Effect of CeO2 and Er2O3 Co-Doping on the Structural and Radiation Shielding Properties of Ceramics: An Experimental and Theoretical Evaluation

Abstract

This study investigates the effects of co-doping CeO2 (cerium oxide) and Er2O3 (erbium oxide) on Al2Si2O5(OH)4-KAlSi3O8-SiO2 ceramics, fabricated via conventional firing and sintering, for photon and neutron shielding applications. Experimental measurements were performed using a133Ba source for gamma-ray shielding and a241Am/Be neutron source for neutron shielding.

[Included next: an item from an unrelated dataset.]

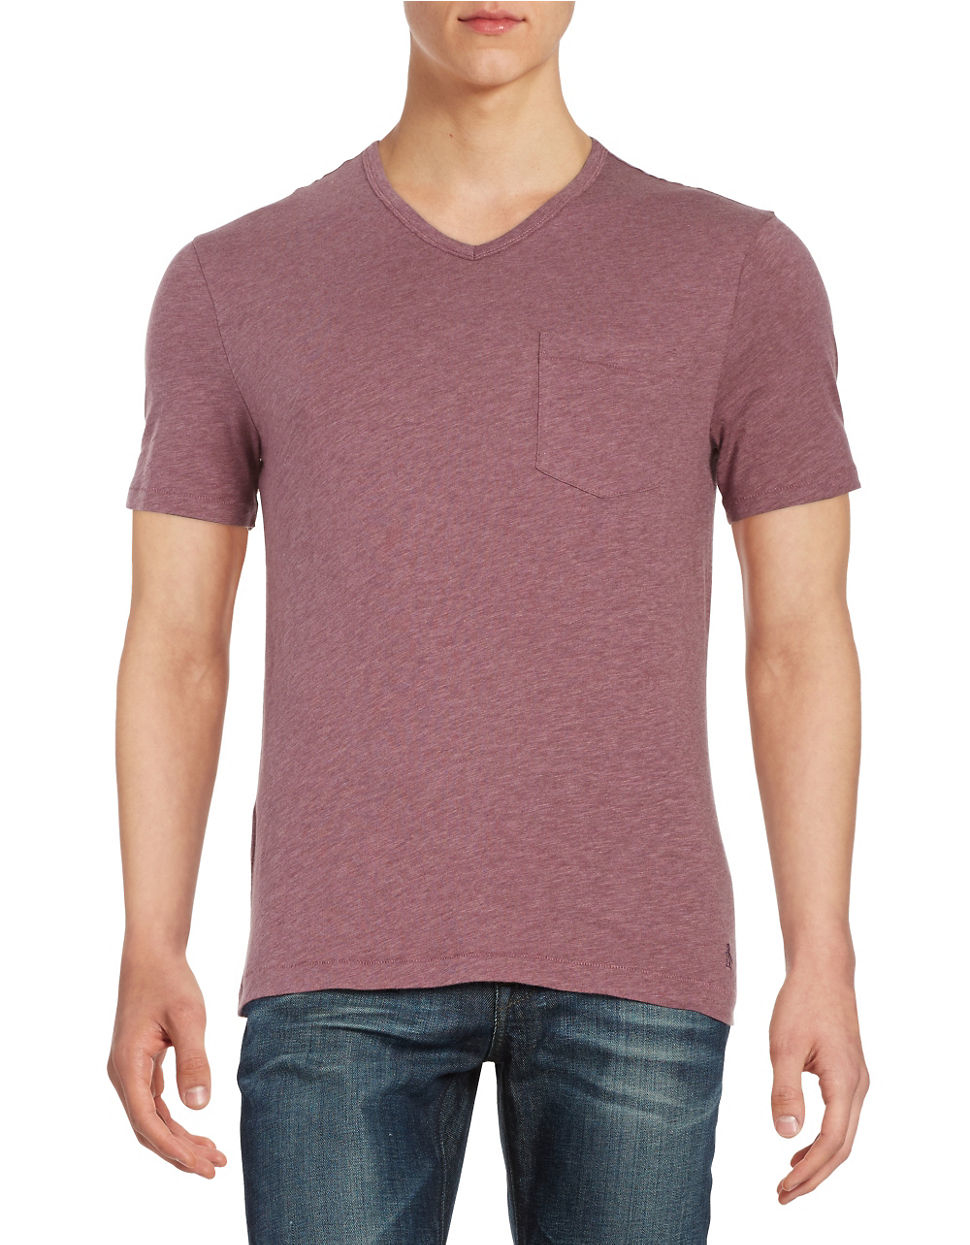 Original penguin v neck pocket tee in pink for men lyst for Men s v neck pocket tee shirts

At 81 key gamma-ray energy, the radiation attenuation properties of C (undoped) and Ce15Er15 (co-doped, containing 15 % CeO2 and 15 % Er2O3) ceramics showed an increase in the mass attenuation coefficient from 0.186 to 1.309 cm2/g and in the linear attenuation coefficient from 0.421 to 3.667 cm-1, while the mean free path (mfp) decreased from 2.280 to 0.281 cm, indicating a clear compositional dependence. Theoretical calculations were carried out using the EpiXS program. Among the produced ceramics, the Ce25Er5 sample exhibited the highest neutron absorption rate, reaching 69.39 %. This work presents an innovative approach for co-doping CeO2 and Er2O3 for radiation shielding in ceramics; compared to single oxide doping, this double doping is seen to further enhance both gamma-ray and neutron shielding properties. These results demonstrate that CeO2-and Er2O3-doped ceramics are sustainable, cost-effective, and efficient alternatives for radiation protection in nuclear facilities, medical imaging, and space technologies.